- [GIVEN INFORMATION]:
*-*-*

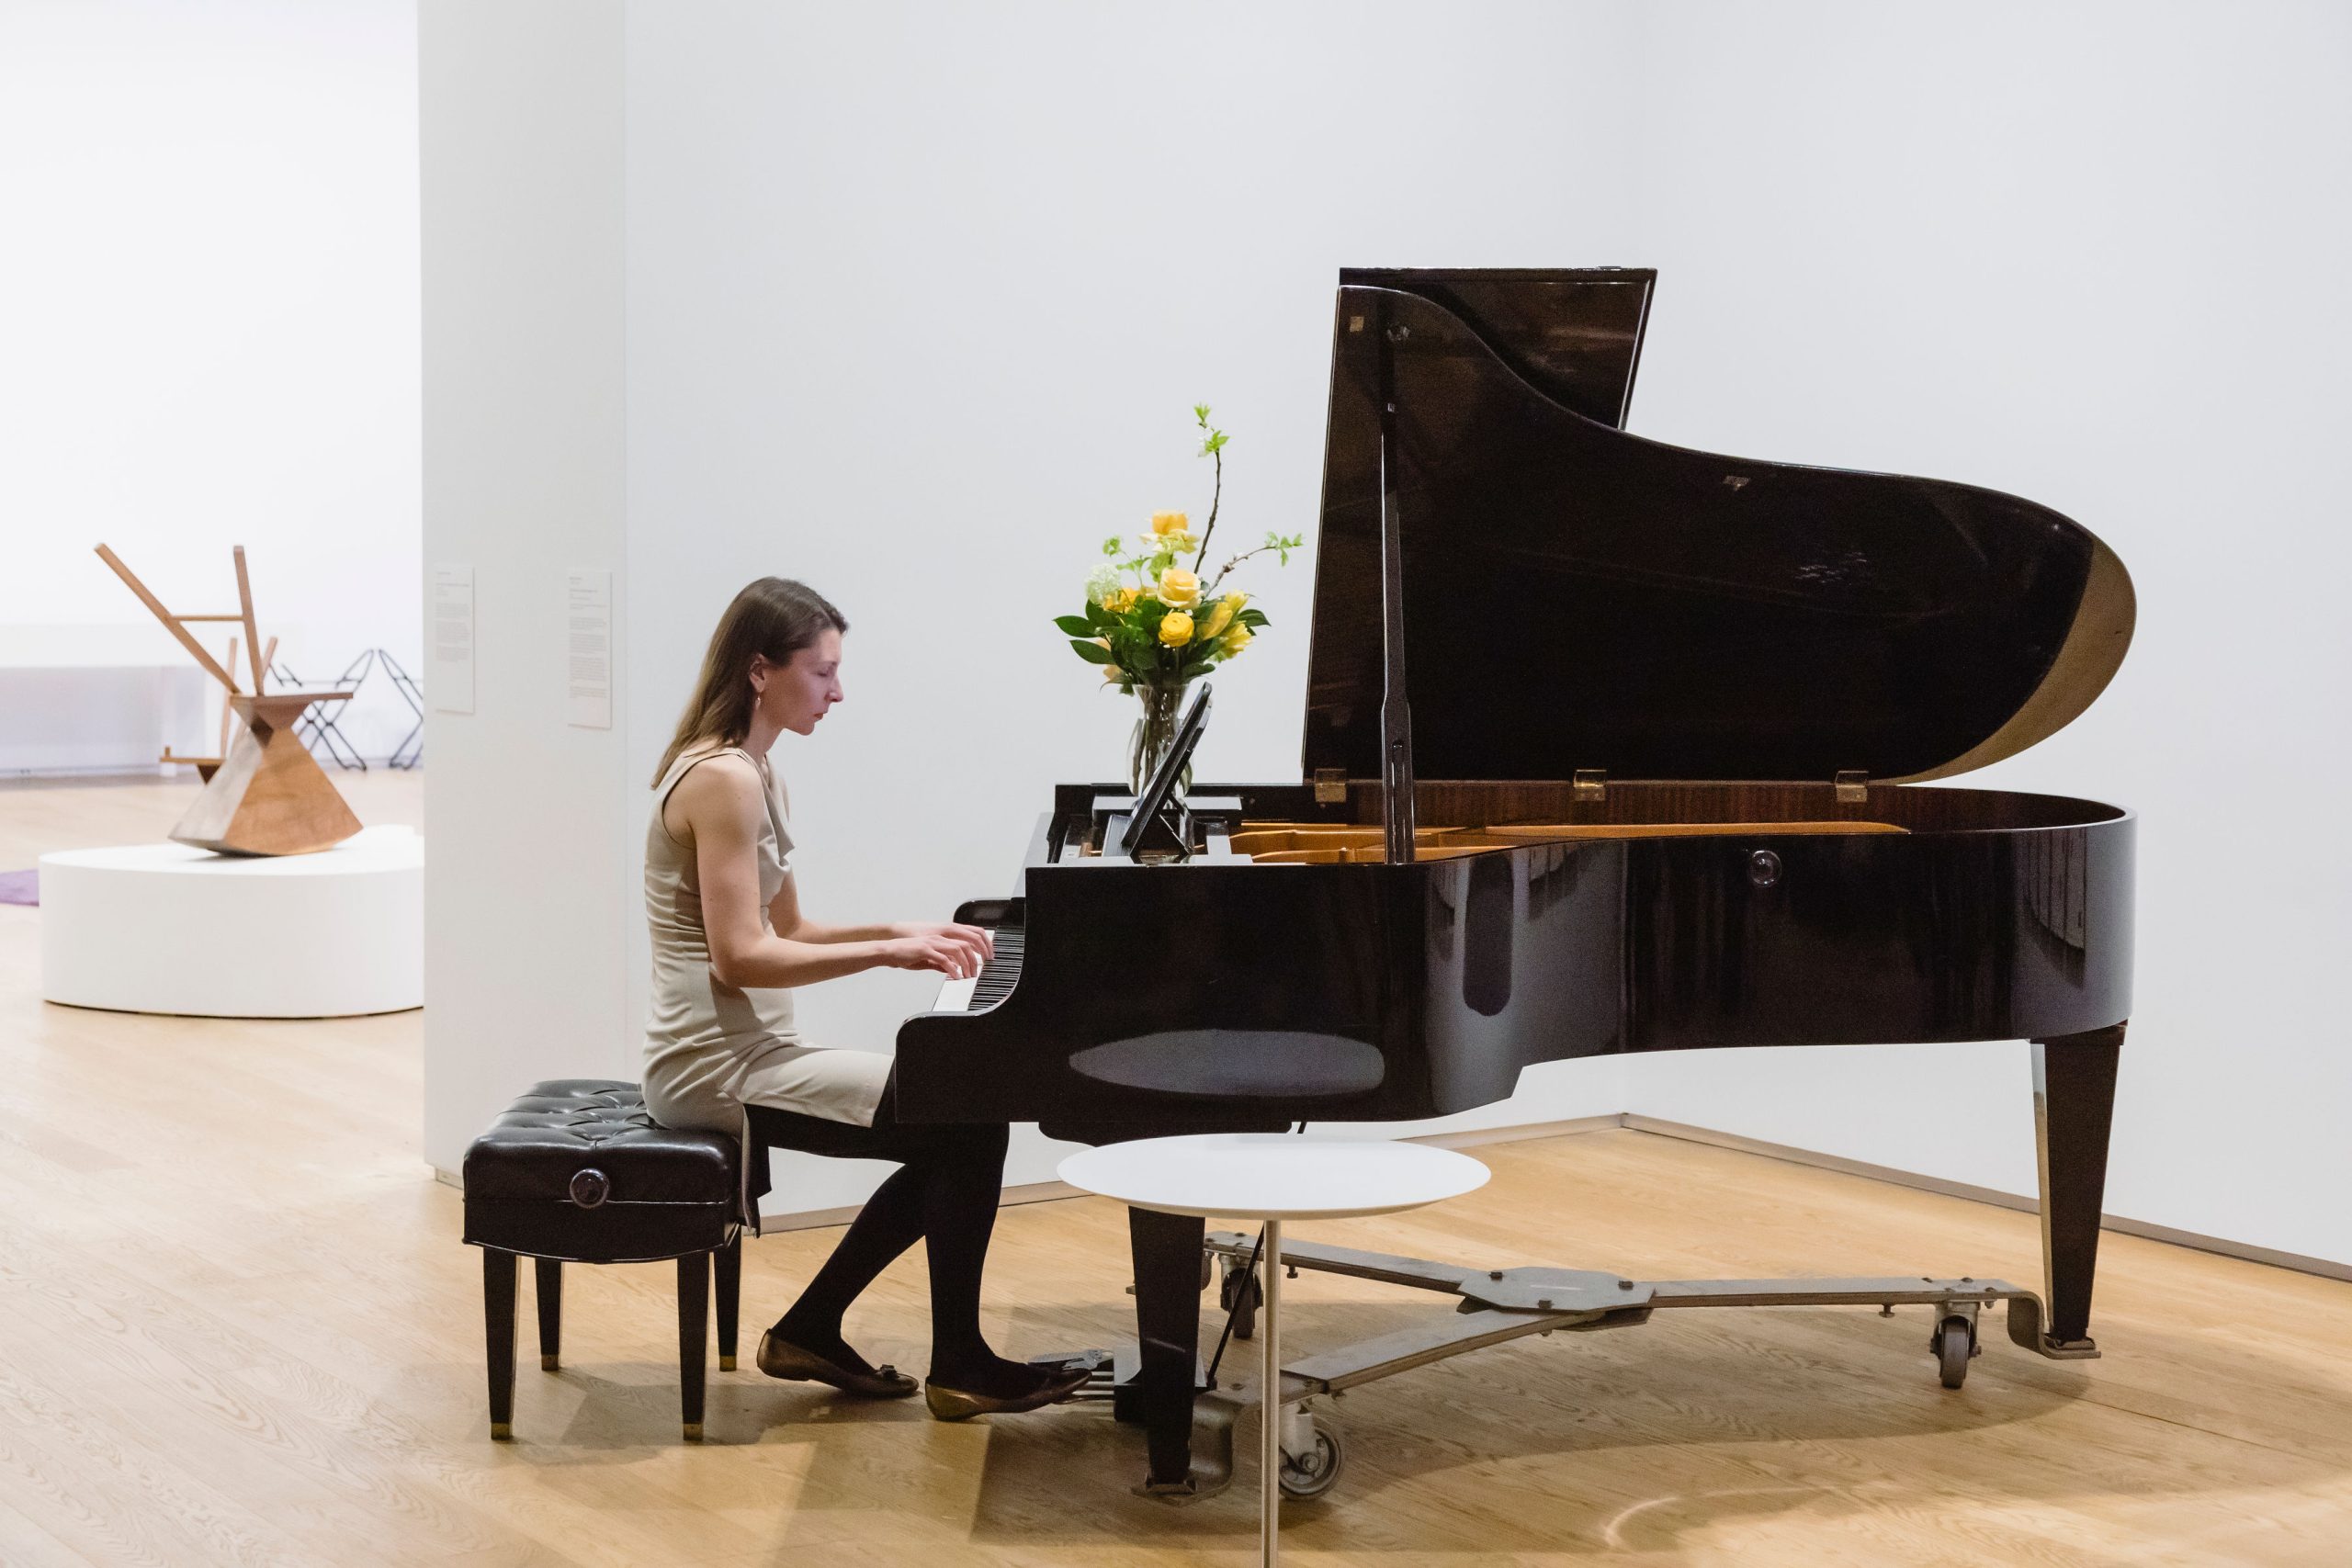 Sofia Mycyk performs live on a grand piano at Remai Modern
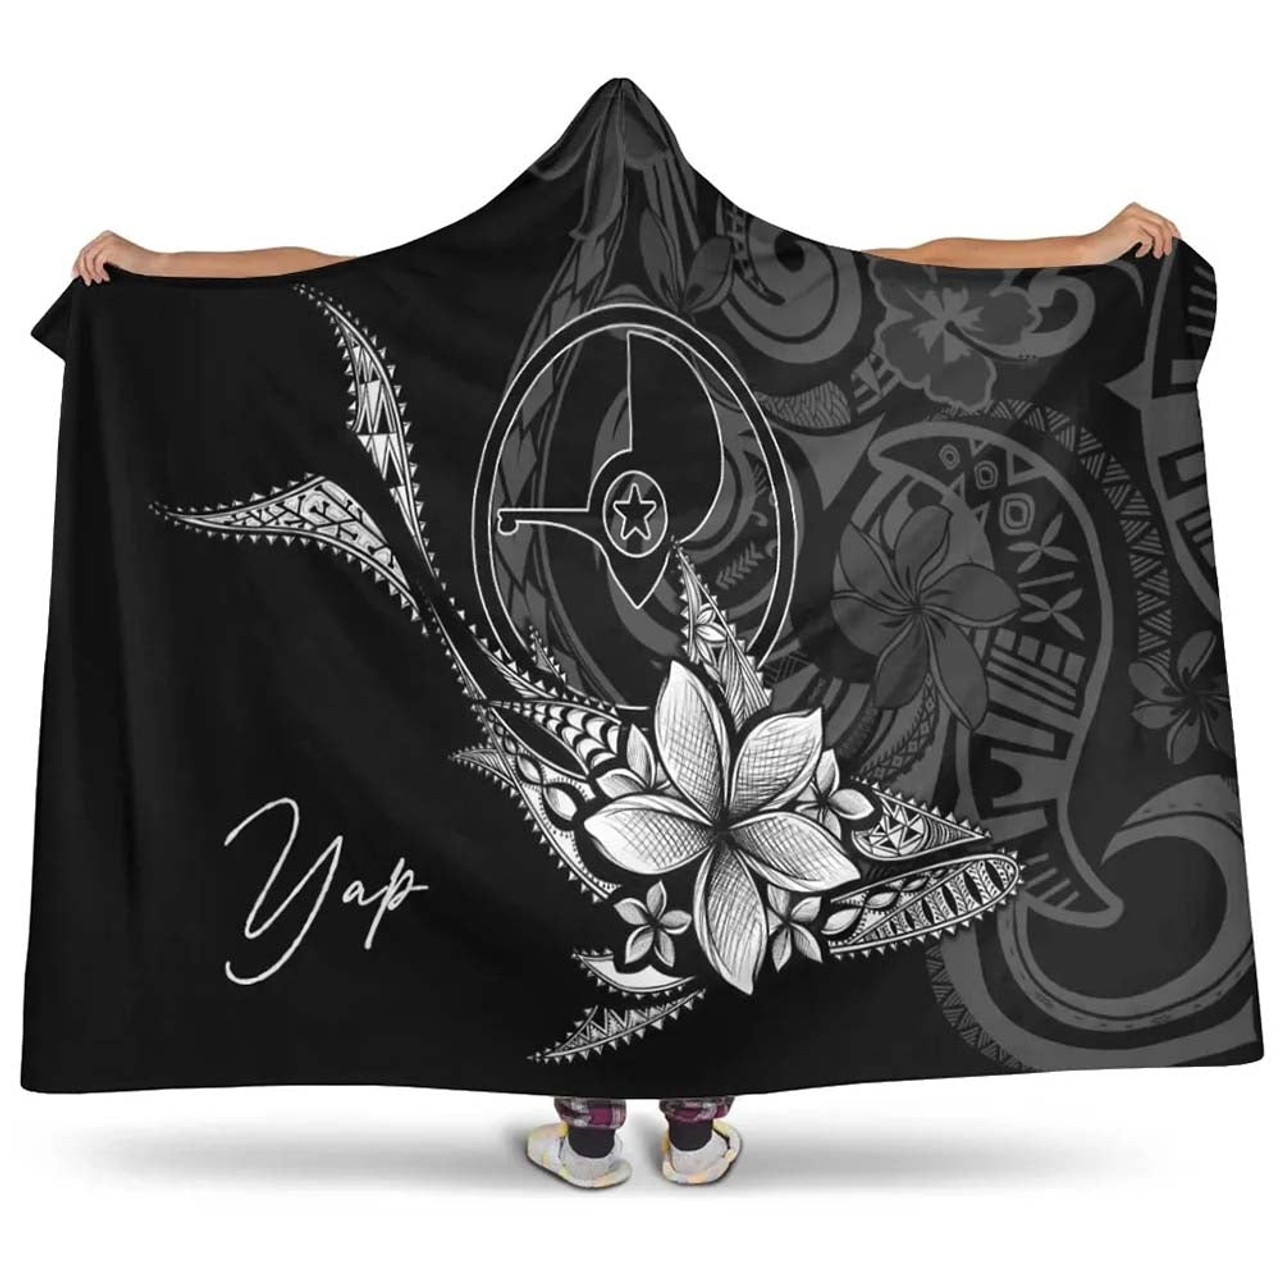 Yap State Hooded Blanket - Fish With Plumeria Flowers Style 1
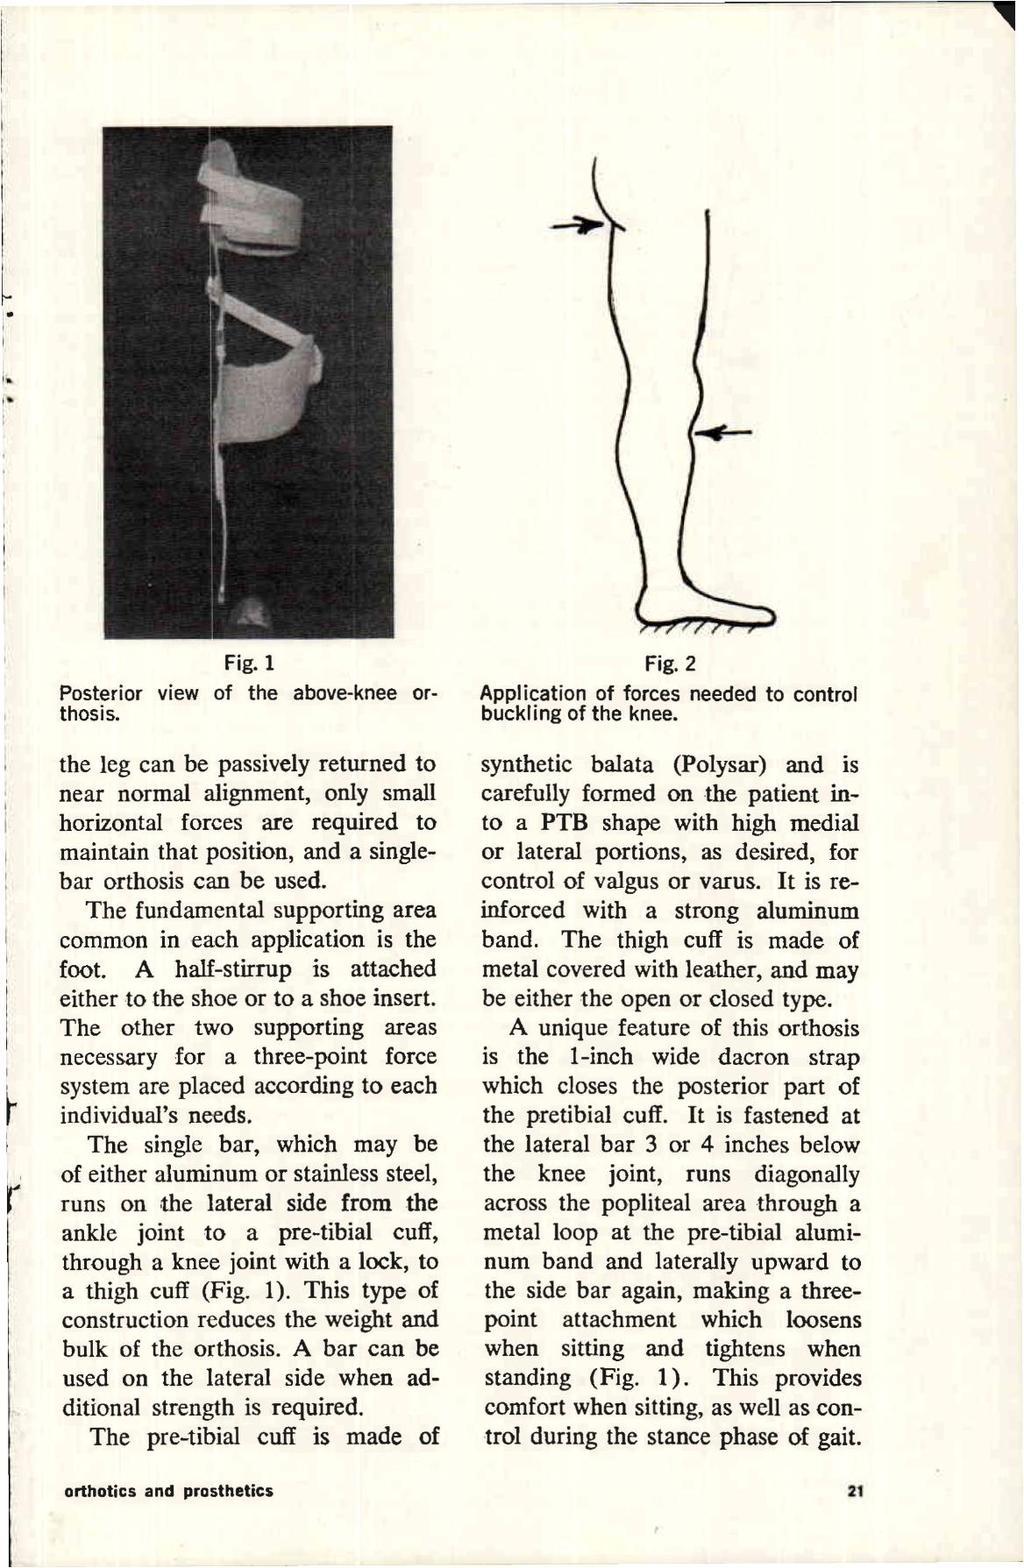 Fig. 1 Posterior view of the above-knee orthosis.
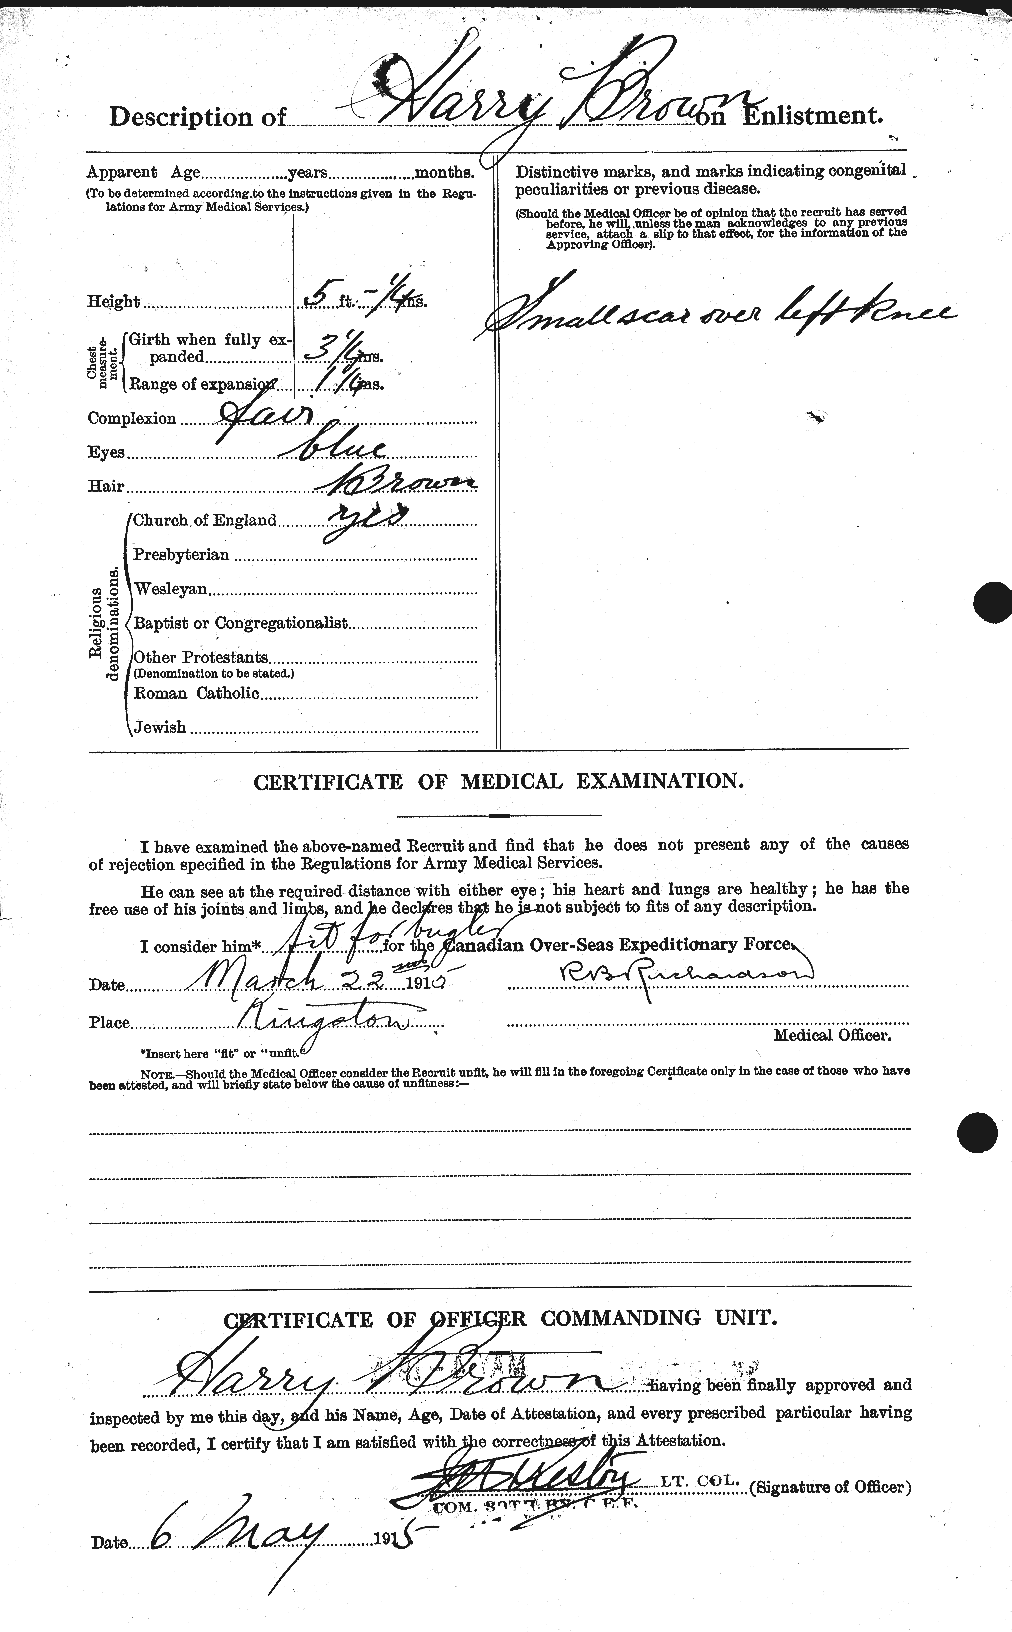 Personnel Records of the First World War - CEF 265397b

*-*-*

- [YOUR TASK]:
Skipping any pictures, transcribe the full listing exactly.

- [OUTPUT BELOW]:
 Sofia Mycyk performs live on a grand piano at Remai Modern
 Yap State Hooded Blanket - Fish With Plumeria Flowers Style 1
 Fig. 1 Posterior view of the above-knee orthosis.
 Personnel Records of the First World War - CEF 265397b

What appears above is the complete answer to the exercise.